That is why I’m calling for a modern multimedia container format to supplant the outdated formats of the old. It should encompass all the features that make the modern Web great:

  • binary JSON as the backbone of the format;
  • central repository for the downloadable descriptions of the parts of the format (but not codecs themselves! Think of it as of MXF specification if it helps);
  • blockchain (as well as clusterchain and framechain);
  • metaverse integration;
  • decentralised storage (so that the container may refer to some data in the cloud as well as on the local disk; even MOV could do something like this);
  • and of course AI!

Some of you may ask where AI can be applied in this scenario. The answer is obvious—transforming input data for better compression (let alone generating metadata or enabling better integration with other Web 3.0 products). A good model should be able to do the same savings like Matroska did by e.g. shaving off common headers bytes from each frame but without special mapping. An excellent model may generate the content by the embedded description instead of transmitting AV2 video. And of course the central repository will contain the description of models and parameters to be used (in addition to the descriptions of better representation of container parts layout). The possibilities are limitless!

Proposals should be sent to the Alliance for Open Media , I have worse things to deal with.

Another fun bit about image formats

January 11th, 2025

Since I have nothing better to do (or the pending stuff makes me thinks I have nothing better to do), I search for a game to look at (preferably with a custom video format with an extension starting with ‘o’, ‘w’ or ‘y’ but any undocumented custom video format would do).

One of those games was Blood & Lace (despite the name it’s not about somebody cutting fingers while trying to put shoes on; whatever—I mostly study games, not play them). It had some videos using Indeo 4 or 5 plus some animations apparently on the game engine. Those were compressed as well as all TGA files.
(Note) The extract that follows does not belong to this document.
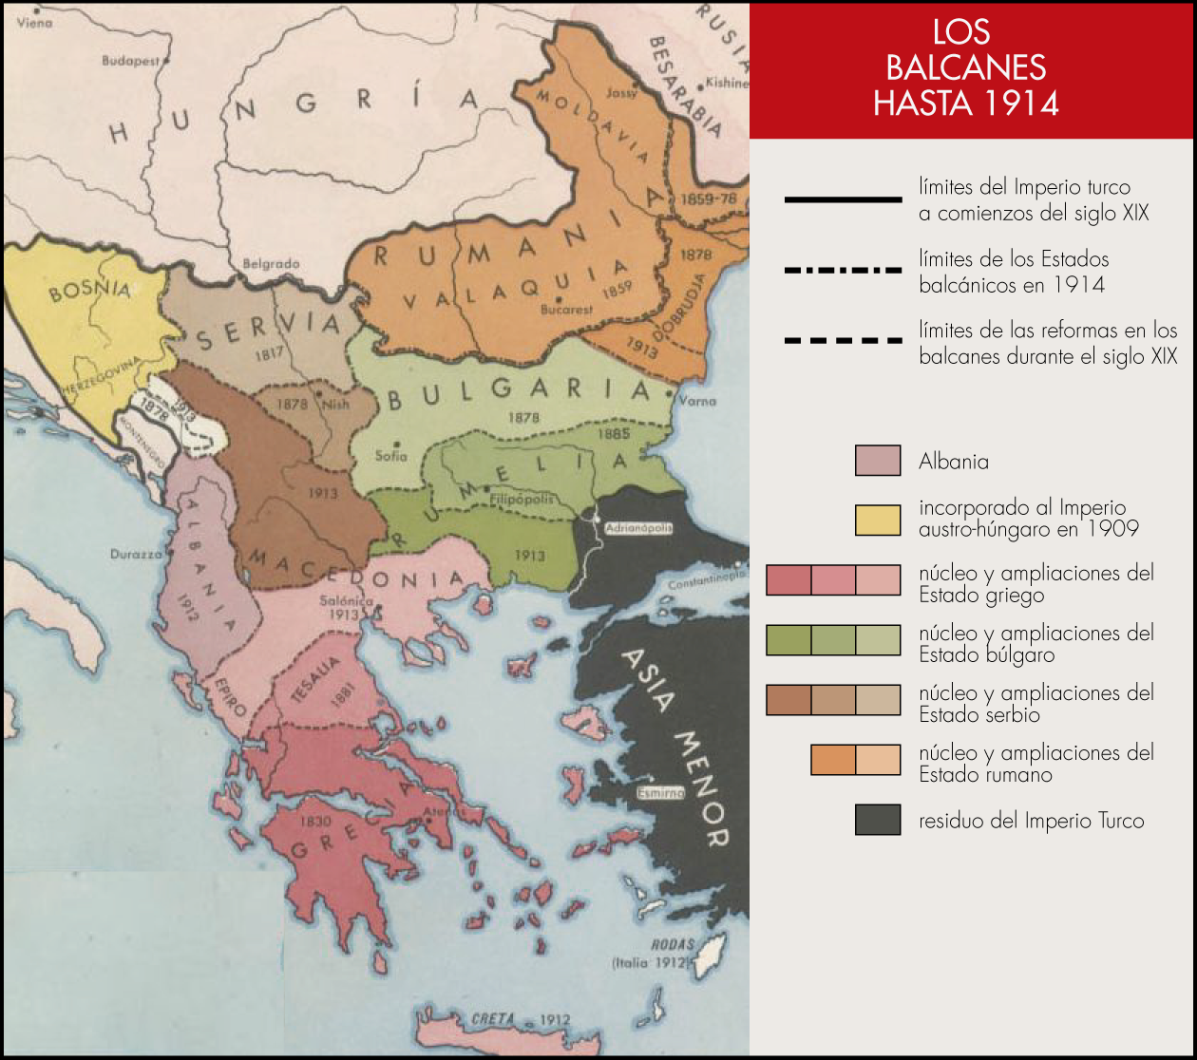 Los Balcanes hasta 1914

So out of curiosity I looked at the binary specification and apparently most of the files are compressed with LZH (the old compression method with dynamic Huffman coding used in LHA) using custom header starting with JFX1. And TGA files use JGF5 header which is almost the same but has image width and height in it before LZH-compressed data.

That’s another one in my collection of common LZ77-based methods used in multimedia compression, I wonder what will be next.

A quick review of LZ77 matching techniques

December 31st, 2024

You can blame Paul for interesting me enough to spend some time on research. He discussed how he implemented deflate support for librempeg and I got curious myself how other fast LZ77-based encoders do the matching.

The traditional approach is to have a hash chain (i.e. associate each dictionary position with a hash, usually calculated from three symbols, pointing to the next position with the same hash). It’s simple and works surprisingly well. Almost all compressors I looked at used either this approach or a hash map.

The only exception I saw was GLZA which described itself as counting symbol frequencies first and then building partial suffix tree just for the most common symbols.

And finally I encountered the paper by Sadakane and Imai from 2000 where the authors proposed two improvements: introducing the secondary hash for the collisions in the hash chain or, alternatively, using suffix sorting (in a suffix array). They report that using two-level hash improves performance significantly, especially for large dictionary sizes but it’s negligible for 64kB or less, while suffix sorting time seems to grow logarithmic from the dictionary size but it beats one-level hash at dictionary sizes of 256kB and two-level hash at dictionary sizes above 1MB.

So, apparently, this is yet another case when keeping it simple is advantageous. Compressors with larger dictionaries will benefit from a different approach, while deflate has maximum dictionary size at 32kB and anything but brute force search will be about equally good.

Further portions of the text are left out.